For instance, most enterprise systems offer an application interface to expose capabilities online. True to the Pareto principle, 80 percent of users typically require only 20 percent of the system’s available capabilities. A mobile strategy must include users’ information needs, their privileges to use enterprise information, and their current objectives. Then, the mobile strategy through data mining dynamically assembles and delivers the right information to support objectives.

Therefore, personalization allows systems and services (adaptive agents) to understand the profile of each user, every electronic asset, and create a match with the right information.

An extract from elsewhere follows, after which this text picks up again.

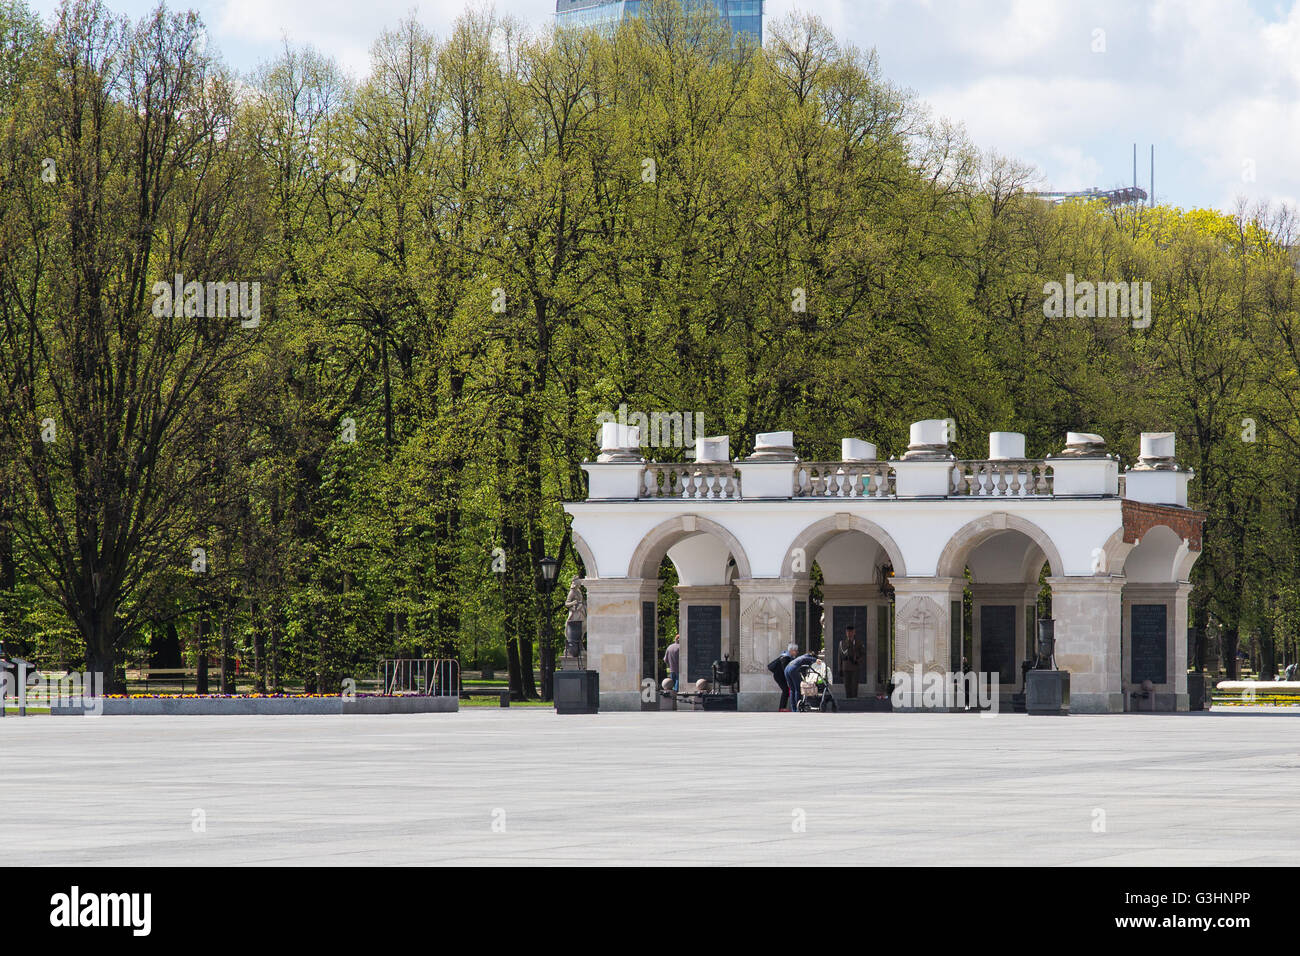 Warsaw, Poland. 21st Apr, 2016. The Tomb of the Unknown Soldier (Polish: Grob Nieznanego Zolnierza) is a monument in Warsaw, Poland, dedicated to the unknown soldiers who have given their lives for Poland. © Mateusz Wlodarczyk/Pacific Press/Alamy Live News Stock Photo

Adaptability on an enterprise scale

Many enterprise software applications offer attractive solutions to discrete business problems but cannot scale to support cross-departmental or global challenges.

Trying to extend solutions in the enterprise often creates a cycle  of hardware upgrades and custom development, which is the IT equivalent of painting yourself into a corner – at a certain point, any way out is going to be messy.

In addition, today’s IT teams struggle with the pace of changing technologies combined with the needs and demands of business.
Every department, every team, and every line of business has a list of priorities for IT support. Every business development, every optimization of a process, and every innovation means one more request for a new application, feature or report.

Moreover, IT teams struggle to make maximum reuse of completed work. To reuse completed work may mean reconfiguring applications for redeployment, or buying off-the-shelf software to meet needs. Further challenges involve  maintaining completed work, which often runs on different platforms in different languages. Information management within a mobile strategy regardless of the volume of transactions, and content, across the breadth of an enterprise should work together.  Architecting to scale, allows the use of services as much as needed.

IT systems are never static and information is constantly in flux. A business can gain competitive advantage as a result of IT innovation. Essentially, an effective mobile strategy connects  information repositories with  users on demand while providing a consistent user experience.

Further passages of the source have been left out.